# AMS Short Caboose



## sandbarn (Feb 13, 2010)

I just got a Accucraft AMS short caboose and was surprised to find that it didn’t come with any documentation at all (no IPB, no wiring schematic, etc.). So I’ve got a couple of questions about what I have.


First the lights/wiring. Since I don’t have track power, I removed the wheel wipers (a real drag anyway) and the brackets that hold them and the wires. When I removed the box from the frame I discovered some type of circuit card in the area under the copula seats. I assume the circuit card is to provide a constant voltage to what appear to be incandescent lamps in the car and the marker lights. If this is the case, can I remove the circuit card and connect the wire to a 9v battery?
Second the couplers. I want to replace the couplers with Kadee 900 series. Is the coupler pocket compatible with these or will it be necessary to replace the pocket with a Kadee gear box? The Kadee conversion list only references a “large” or “small” pocket. This being the only AMS car I have makes it a little difficult to make that distinction. If the pocket needs to be replaced how is this done? Any help? 
Couple of pictures of the pocket with coupler removed.

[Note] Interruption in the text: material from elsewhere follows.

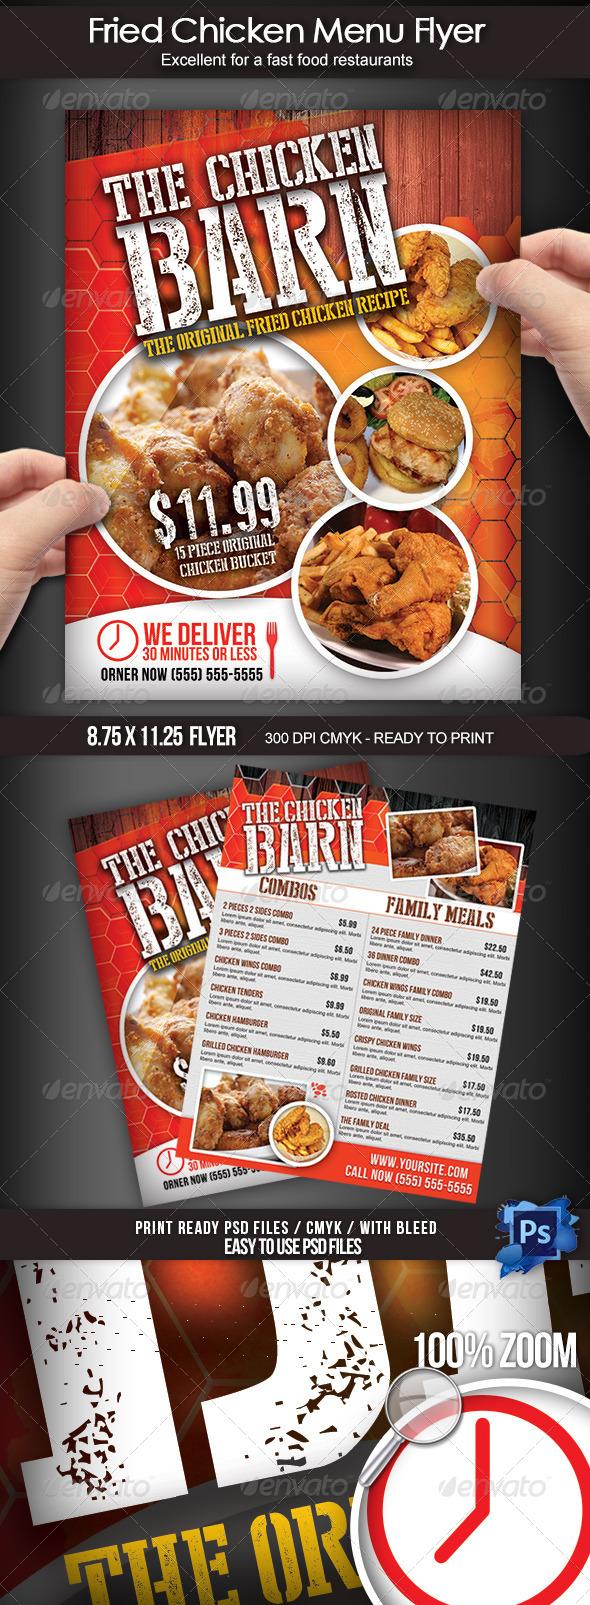 GraphicRiver Fried Chicken Menu Flyer 7671457

Does the hole from the first picture come through the bottom of the coupler pocket in the picture?









\


----------



## curlyp (Sep 4, 2009)

I use the Kaydee 901 couplers and the instructions on this web page http://kadee.com/conv/AMS-Accucraft-Freight-Cars.pdf 
Test fit the coupler before drilling the center hole out as some AMS cars require that step but not all 

Paul


----------